Certes, c’est une spécificité des films situés dans le passé que de témoigner de l’époque où on les a produits. Chez Penn, toutefois, ce n’est pas seulement une ambiance ou une philosophie diffuse qui sert de sous-texte, mais carrément une imagerie qui s’étend à tout son cinéma de genre. Ainsi l’intrigue de La Fugue (1975), contemporaine de sa réalisation, déborde des codes du film noir pour raconter l’Amérique post-Watergate et l’incapacité du détective joué par Gene Hackman à déchiffrer les indices au cours de son enquête. Jusqu’au final hallucinant où, sans un mot, tous les éléments du complot se mettent en place devant les yeux du limier grièvement blessé, entre la vie et la mort. Pour être sûr que le message soit entendu, le cinéaste glisse dans le dialogue une allusion aux assassinats de John et Robert Kennedy.

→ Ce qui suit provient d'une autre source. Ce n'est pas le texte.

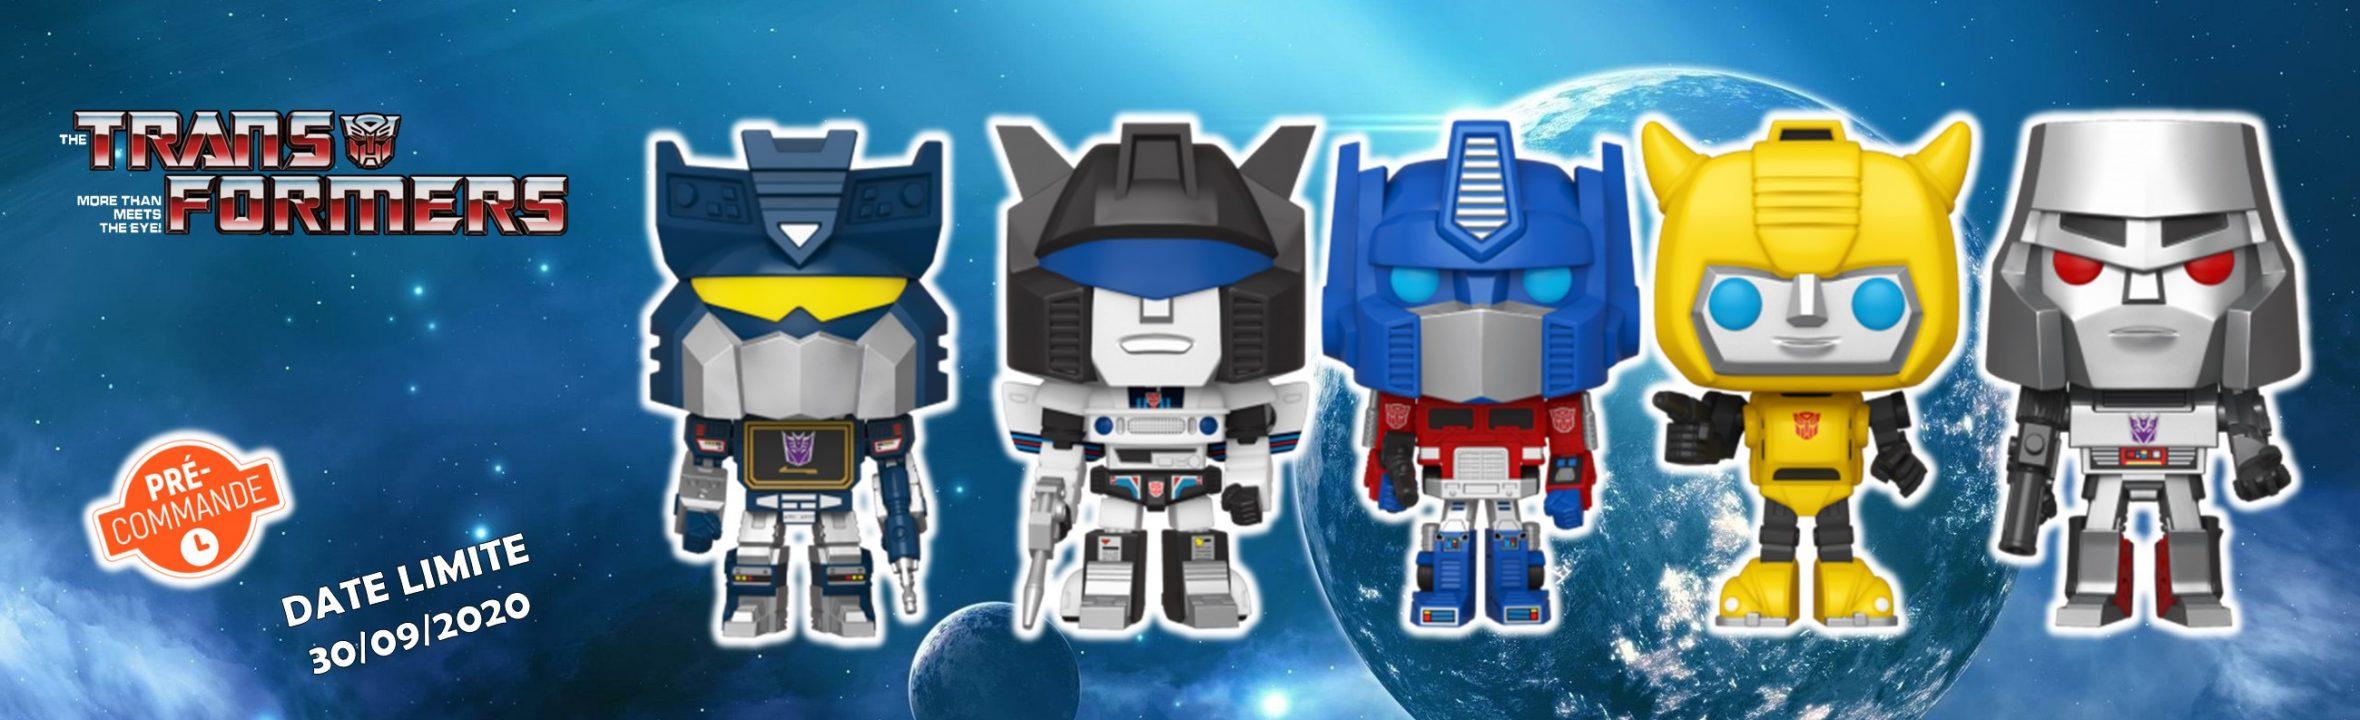 funko pop Transformers retro toys goodin shop
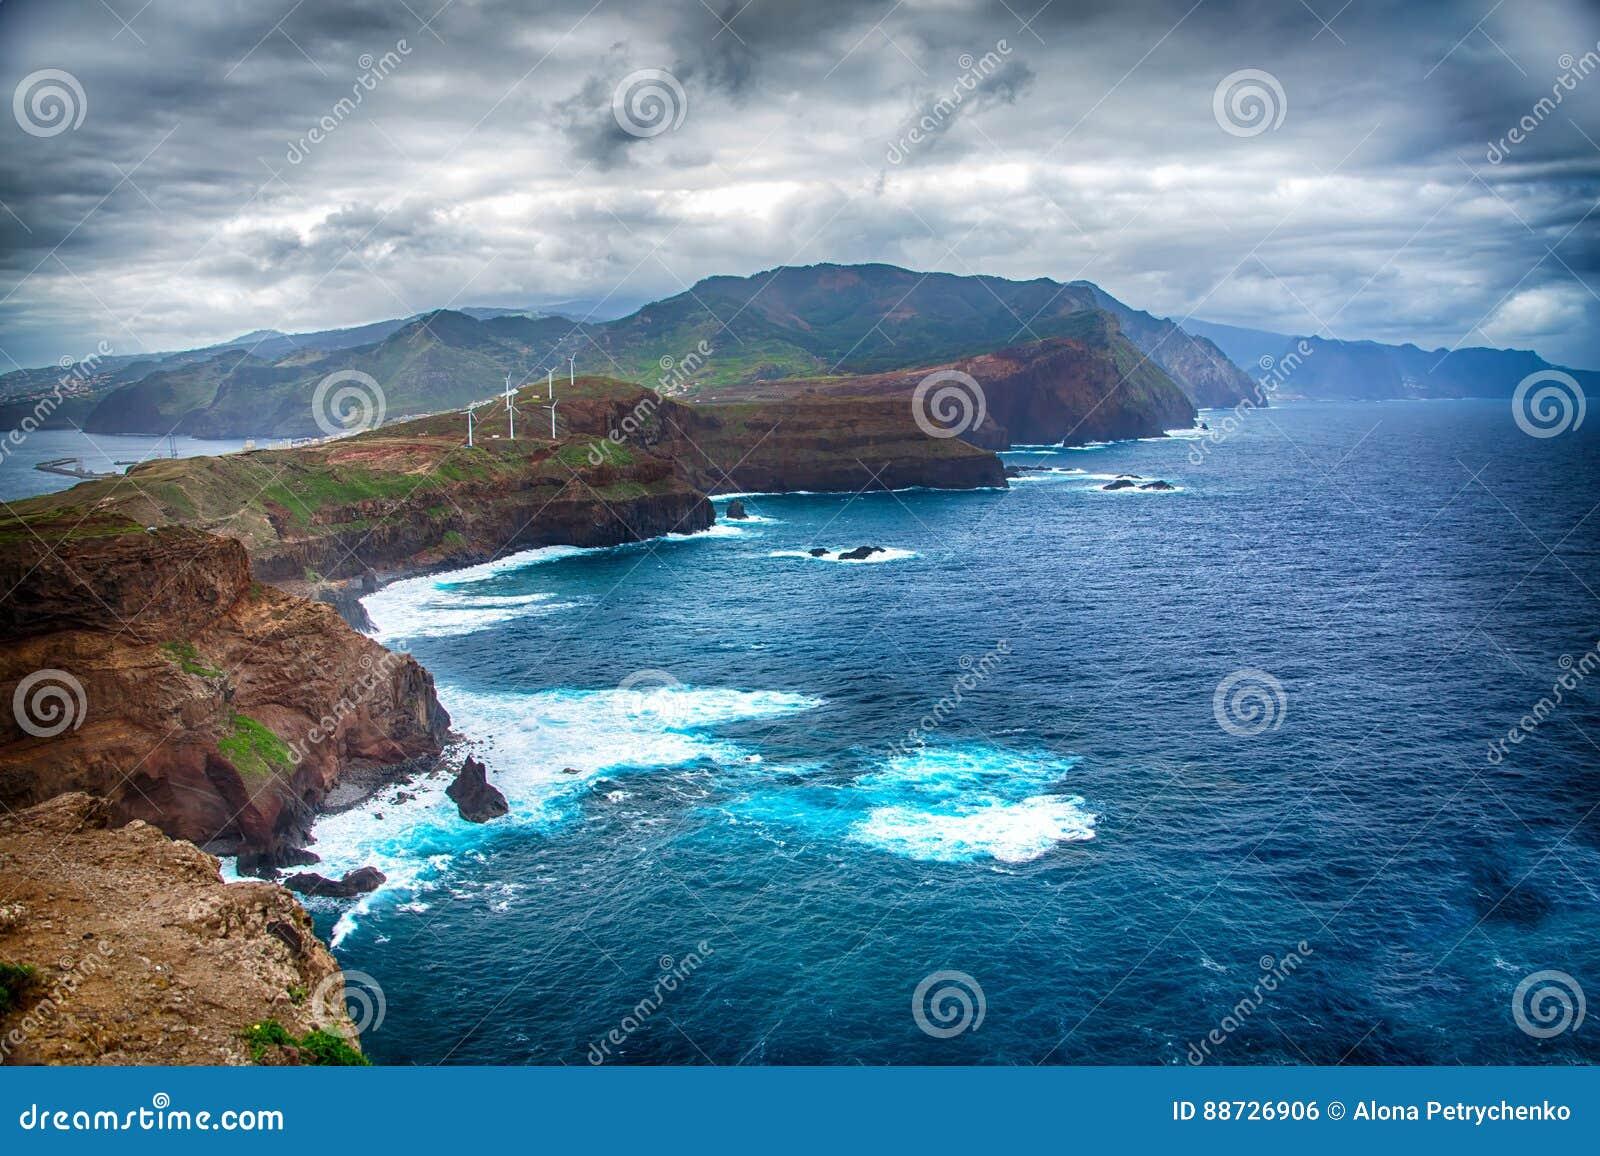 Голубые океан, горы, утесы, ветрянки и облачное небо

Cette façon d’insérer ses trames dramatiques dans l’histoire des États-Unis, en y mêlant désenchantement et sensation de solitude, est une particularité du cinéma de Penn. Cette lecture est parfois souterraine, telle l’évocation de la fin de l’Ouest truffée d’allusions au gouvernement Nixon dans Missouri Breaks (1976). Elle est parfois plus immédiate, comme dans Alice’s Restaurant (1969), chronique d’un groupe de hippies, inséparable de l’évolution socio-politique et culturelle d’un pays, où le chanteur folk Arlo Guthrie interprète son propre rôle. Mais de cet ensemble, il faut dégager son dernier chef-d’œuvre, Georgia (1981). Intitulé Four Friends en anglais, ce film suit, tout au long des années 1960, le parcours de trois amis et d’une jeune femme à la vitalité incomparable dont ils sont tous amoureux, depuis la fin des années lycée jusqu’à la maturité, lors d’une bouleversante séquence de retrouvailles autour d’un feu de camp sur la plage. Dans ses entretiens, Penn a expliqué comment il avait ajouté le « sens de l’Histoire » au scénario plus sentimental de Steve Tesich, émigré yougoslave comme le protagoniste Danilo (Craig Wasson) arrivé enfant à Chicago. L’agitation étudiante, les époux Kennedy, la guerre du Vietnam et la réinsertion des anciens combattants, le mouvement hippie, les drogues dures, l’engagement antiraciste ou pacifiste et les premiers pas de l’homme sur la Lune ne servent pas seulement de toile de fond. Tous ces événements rejaillissent sur la vie intime des personnages, leurs rêves, leurs désillusions, leurs tentatives d’ascension sociale ou de reconversion culturelle, puisque tant de modèles concurrents s’offrent à eux. Sur l’autoroute, choisir un embranchement ou un autre, c’est peut-être changer de vie. Pas de quoi révolutionner un pays, mais assez pour s’offrir un moment de bien-être avec ses vieux amis et la femme aimée, un soir sur la plage, dans un éclat de lucidité et de poésie qui donne raison à Ingmar Bergman d’avoir vu en Penn « un des plus grands metteurs en scène au monde ».